Pea shoots are ready when they stand 3 to 5 inches tall and the curly tendrils have clearly formed. That usually lands between day 10 and day 14. Inside that window the flavor is at its sweetest and the texture is at its crispest.

The tendrils are your green light. No tendrils yet means give it another day. Tendrils out and reaching means it is time to cut.

How to cut

  1. Decide first: are you going for regrowth? If yes, cut higher and leave about a half inch of stem above the soil.
  2. Gather a handful upright and cut straight across with sharp, clean scissors or a knife.
  3. Pack into vented clamshells. A paper towel in the bottom catches condensation and stretches shelf life.
  4. Refrigerate right away.

What you should get

A well-grown 10x20 tray yields about 566g of pea shoots. So ask yourself: what is that worth at your local retail price per ounce, on a crop chefs are already asking for by name? For most growers, a single pea tray turns a few dollars of seed into a serious return. Now multiply that across a shelf, and remember it can regrow.
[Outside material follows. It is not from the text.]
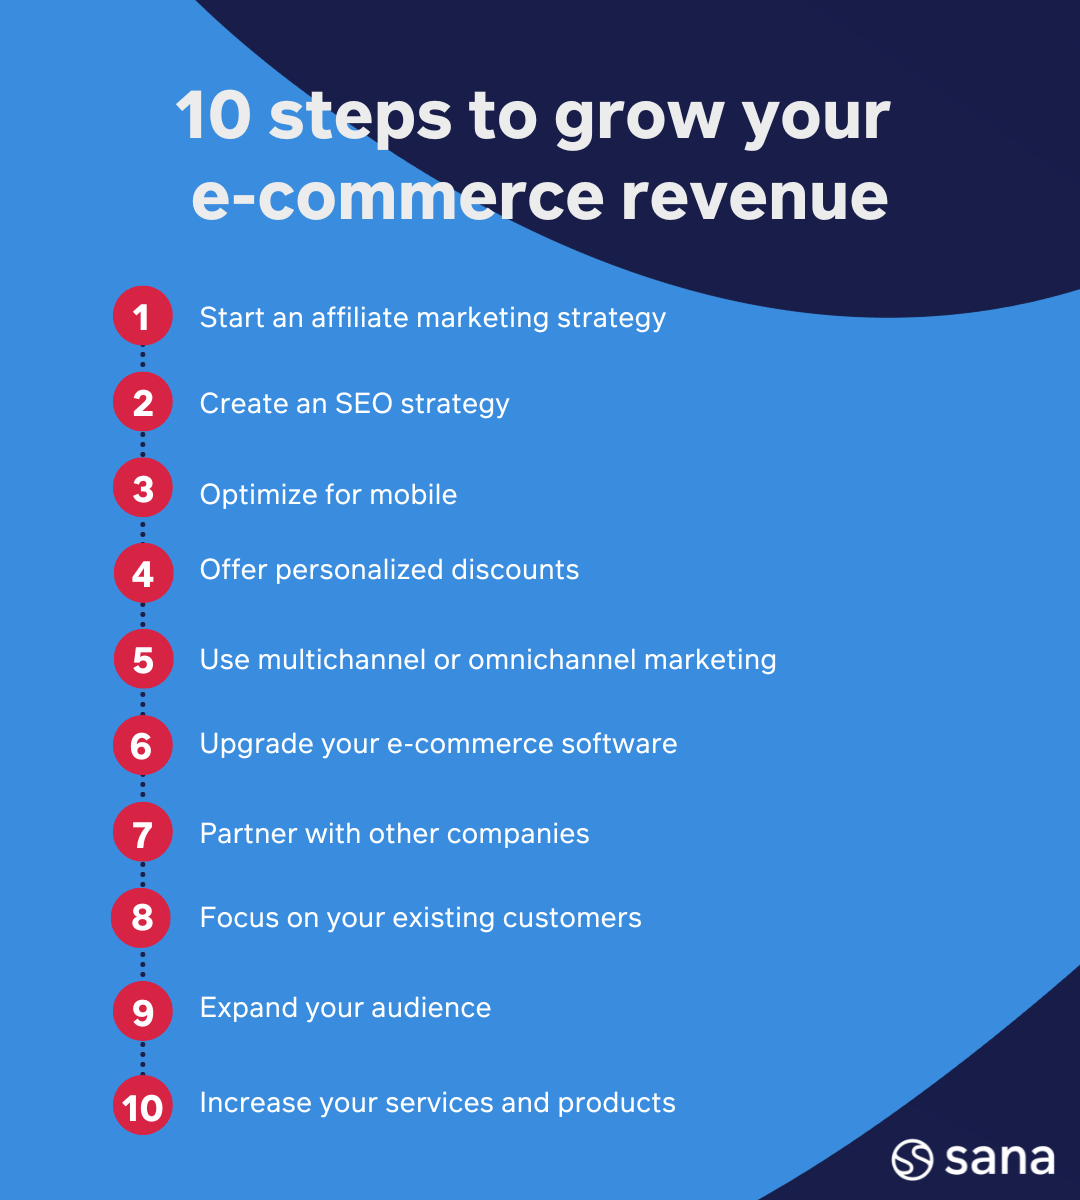 How to increase your online revenue with your e-commerce store - 10 steps

Do not chase extra height past 5 inches. Overgrown pea shoots get fibrous and stringy, and the sweet snap fades. When the tendrils are out and the height is right, cut it.

The Second Cut

Here is the part that makes pea shoots quietly more profitable than most crops on your shelf. Peas can regrow. One planting, two or three harvests.

How to set up regrowth

The whole trick is in how you make the first cut. Instead of cutting low at the soil line, cut higher and leave about a half inch of stem standing. That stub holds the growing points the plant needs to push out a fresh flush.

  1. Make your first harvest cut about a half inch above the soil.
  2. Keep watering and keep the tray under light, same as before.
  3. In several days a second flush of shoots pushes up from the stubs.
  4. Harvest again when it hits 3 to 5 inches with new tendrils.
The realistic count: expect 2 to 3 good cuts from one tray. The first cut is the heaviest and sweetest. Each later flush is a little thinner and a little less sweet, so judge each one on its own merits before you sell it.
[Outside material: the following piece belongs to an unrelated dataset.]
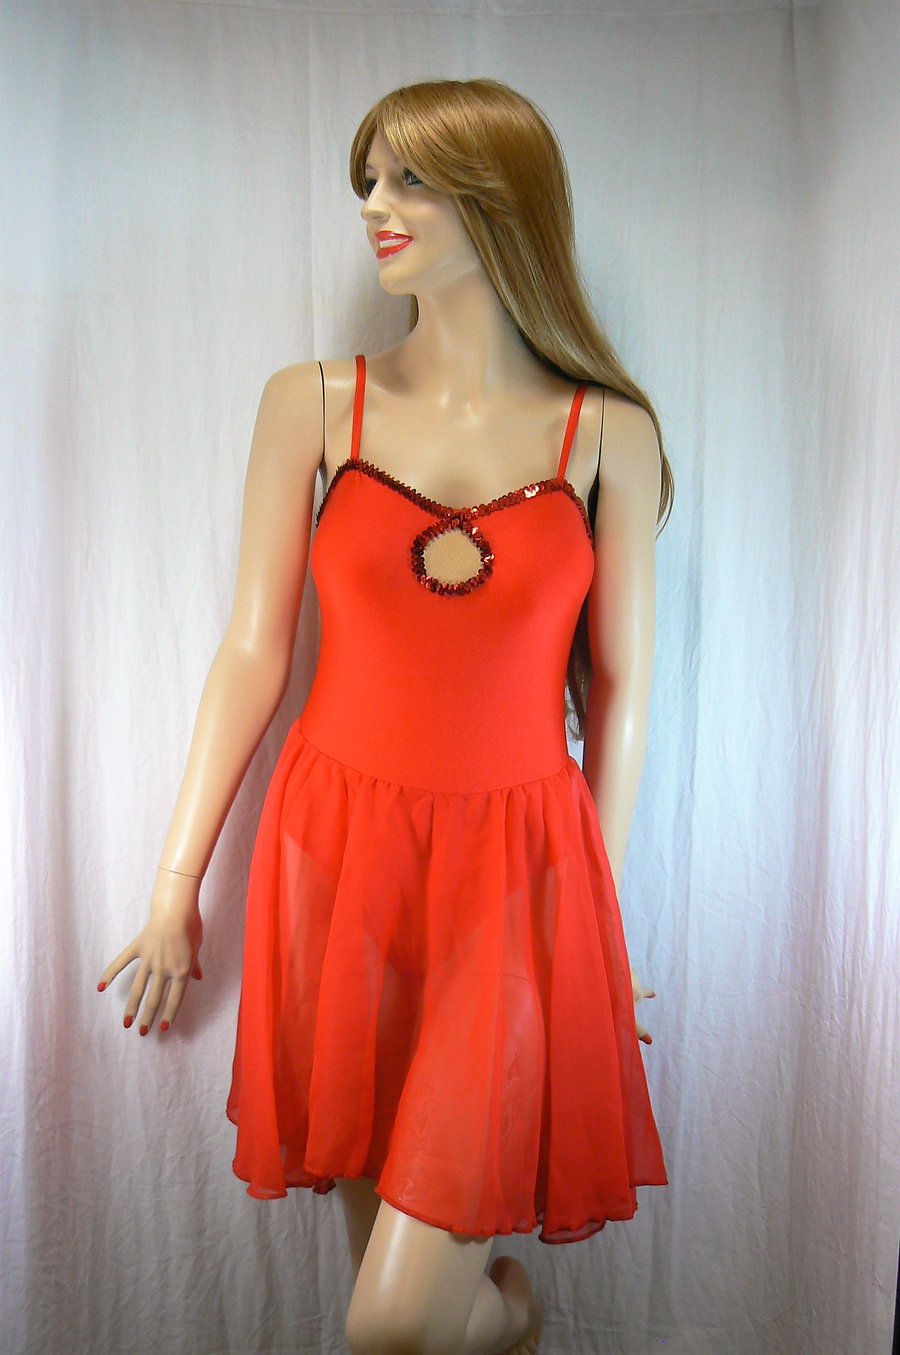 Red camisole dress with chiffon skirt and sequin trim

So reframe what a pea tray is. It is not one harvest. It is a small crop that keeps paying you back from a single planting, which is exactly why it earns its spot on the shelf.

Troubleshooting

Patchy or weak germination

Nine times out of ten this traces back to the soak. Too short, or skipped entirely, and the hard seed never fully woke up. Soak a clean 8 to 12 hours next round and watch the difference. If a whole batch still limps in, suspect old or low-quality seed.

The weight got lifted or tipped

Sweet peas are vigorous, so if you left the weight on too long they shoved it aside and grew up crooked. Shorten the weighted blackout to about 2 days, 3 at most, and get the weight off in time.

Wilting or falling over

Usually thirst. Peas drink hard, and a tray that dried out will flop. Pick it up. If it feels light, it needs water now. In a warm, dry room you may be watering twice a day.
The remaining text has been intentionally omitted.